Le TNP a été aujourd'hui signé par ISS pays. Seuls Israël, le Pakis­tan et l'Inde n'ont pas signé ce traité. La Corée du Nord s'en est retirée. Dans ce cadre, ces résolu­tions visant à un désarmement nucléaire progressif et total sont déposées chaque année à l'Assemblée générale des Nations Unies, et sont approuvées par une grande majorité des pays membres. Malheureusement, la majorité des pays occidentaux, parmi lesquels La Belgique et la France, rejettent systématique­ment la plupart de ces résolu­tions. En effet, celles-ci s'oppo­sent diamétralement aux doctri­nes nucléaires défendues jusqu'à aujourd'hui par Bruxelles, Paris, Londres et Washington.
« Après la débâcle de la guerre contre l'Irak, le gouvernement belge ne veut plus contrarier Washington »

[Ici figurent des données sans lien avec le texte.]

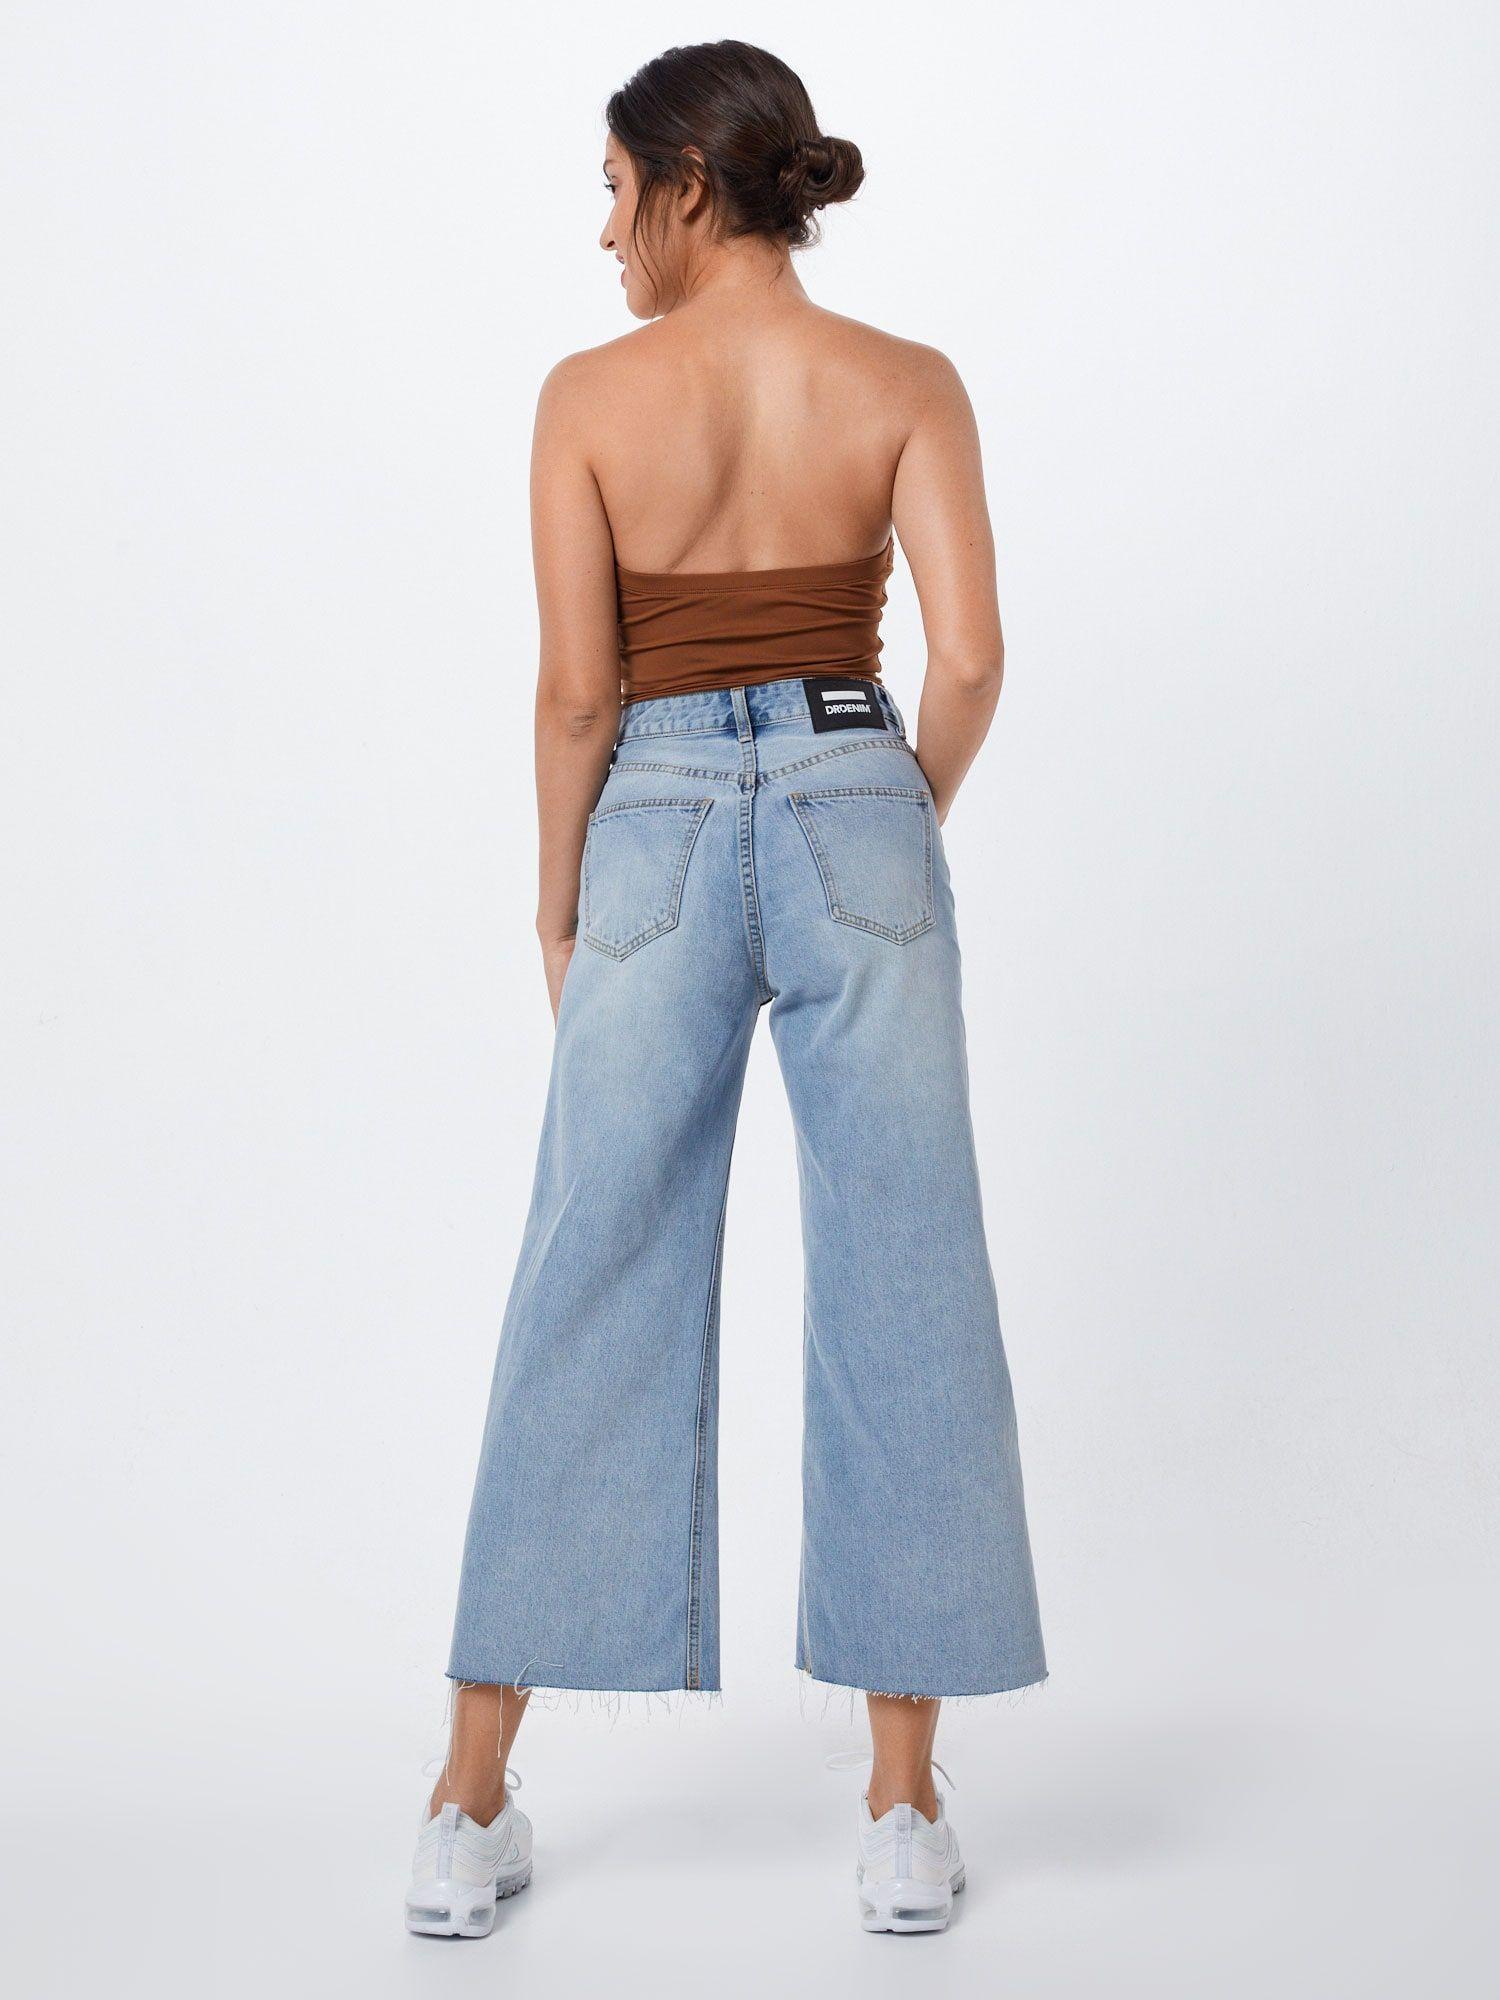 Dr. Denim Jeans 'Aiko' Damen, Blue Denim, Größe 30

Il est essentiel aujourd'hui de ne pas oublier qu'une grande ma­jorité de la population mondiale souhaite une interdiction des ar­mes nucléaires et que 110 gouver­nements de pays du Sud se sont organisés en six zones officielle­ment sans armes nucléaires, couvrant ainsi presque tout l'hémis­phère sud. Créer une telle zone sans armes nucléaires au Proche-Orient pourrait fournir une solu­tion aux tensions croissantes en matière d'armement nucléaire dans la région. Mais nos diploma­tes devraient alors être prêts à aborder également la question des armes nucléaires israéliennes. Il faut ajouter que les médias de nos pays ignorent systématique­ment les voix des gouvernements du Sud.  La presse occidentale par­ticipe depuis des mois à la diaboli­sation de l'Iran sans dire un mot, par exemple, des 120 millions de dollars que les Etats-Unis dépensent quotidiennement pour l'en­tretien et la modernisation de leur arsenal nucléaire ou des refus américain, français ou britanni­que de satisfaire à leurs obliga­tions de désarmement. Pas un mot non plus sur le groupe de pla­nification nucléaire de l'OTAN ou sur le programme secret israélien en matière d'armes biologiques chimiques et nucléaires.

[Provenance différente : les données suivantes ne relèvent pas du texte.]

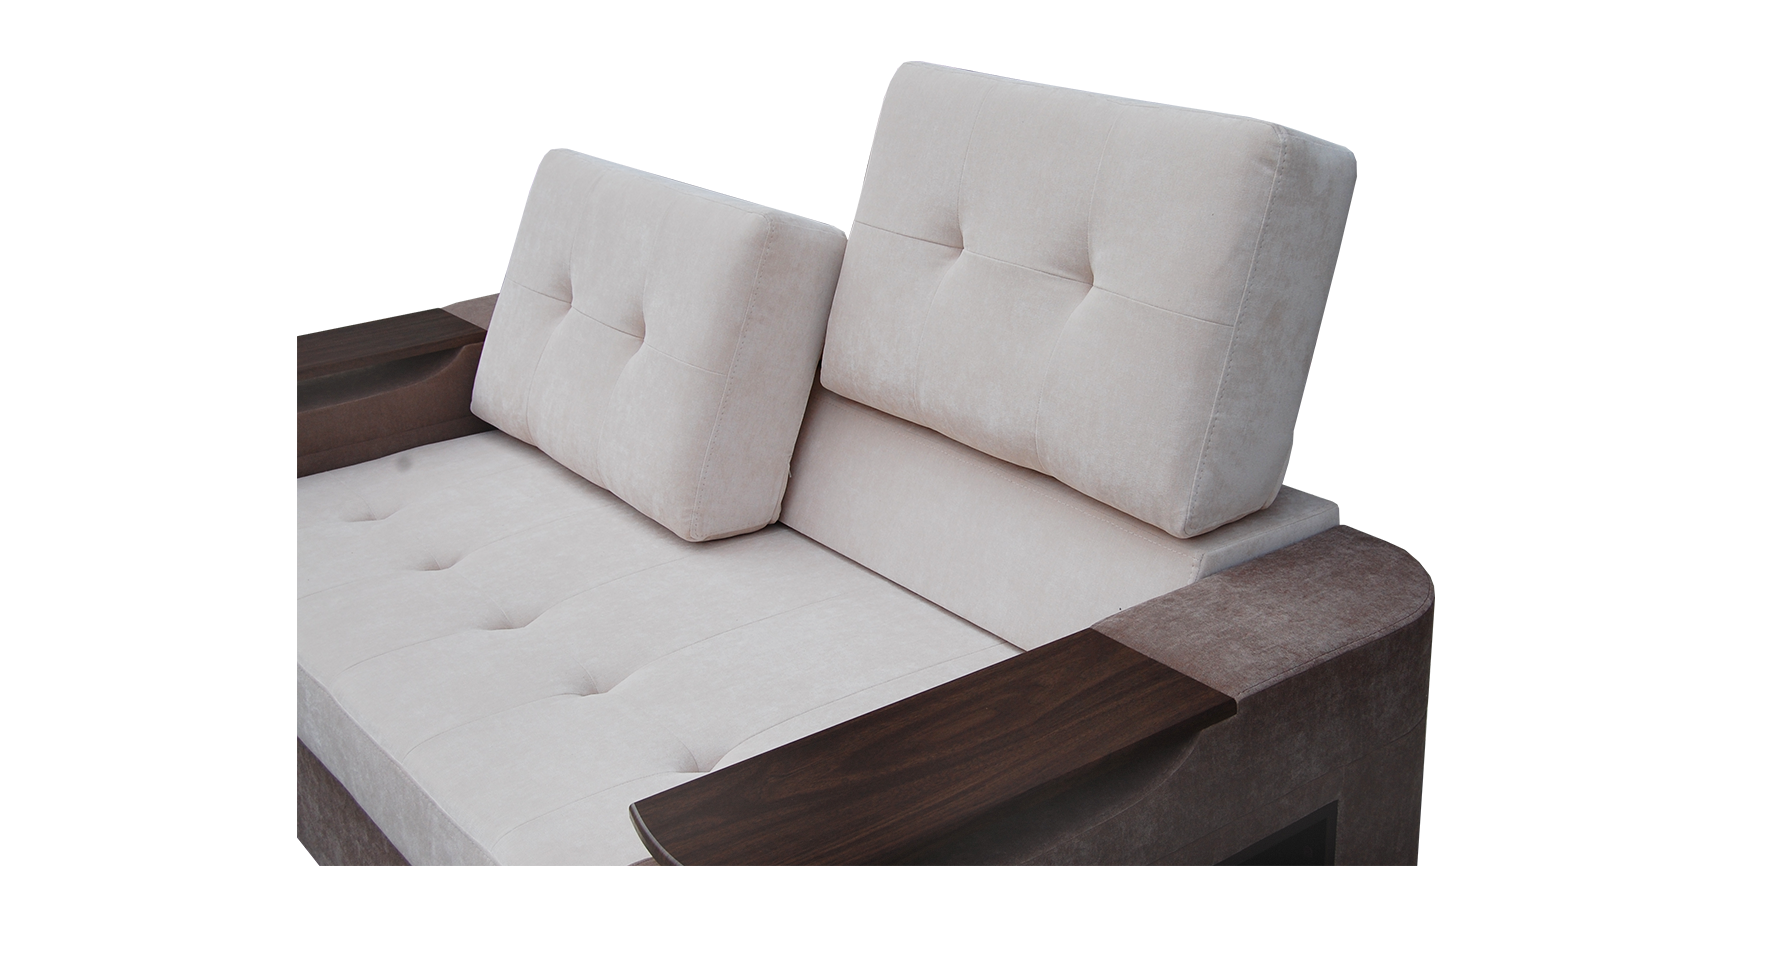 Подъёмные подушки

Le Parlement belge a approuvé en 2005 deux résolutions deman­dant entre autres le retrait d'Euro­pe des armes nucléaires américai­nes et une approche équilibrée du TNP. Les résolutions approu­vées insistent sur les engage­ments de désarmement de nos al­liés découlant de l'article VI du TNP. Malheureusement, ces réso­lutions restent jusqu'à présent let­tre morte. Après la débâcle de la guerre contre l'Irak, le gouverne­ment belge ne veut plus contra­rier Washington, expliquent diffé­rents cabinets ministériels. Il est clair que nous devons continuer à rappeler à notre gouvernement ses engagements et ses obliga­tions en matière de désarme­ment. Nous devons donc dénon­cer l'existence d'un fossé sépa­rant le gouvernement du parle­ment et des autres forces démo­cratiques.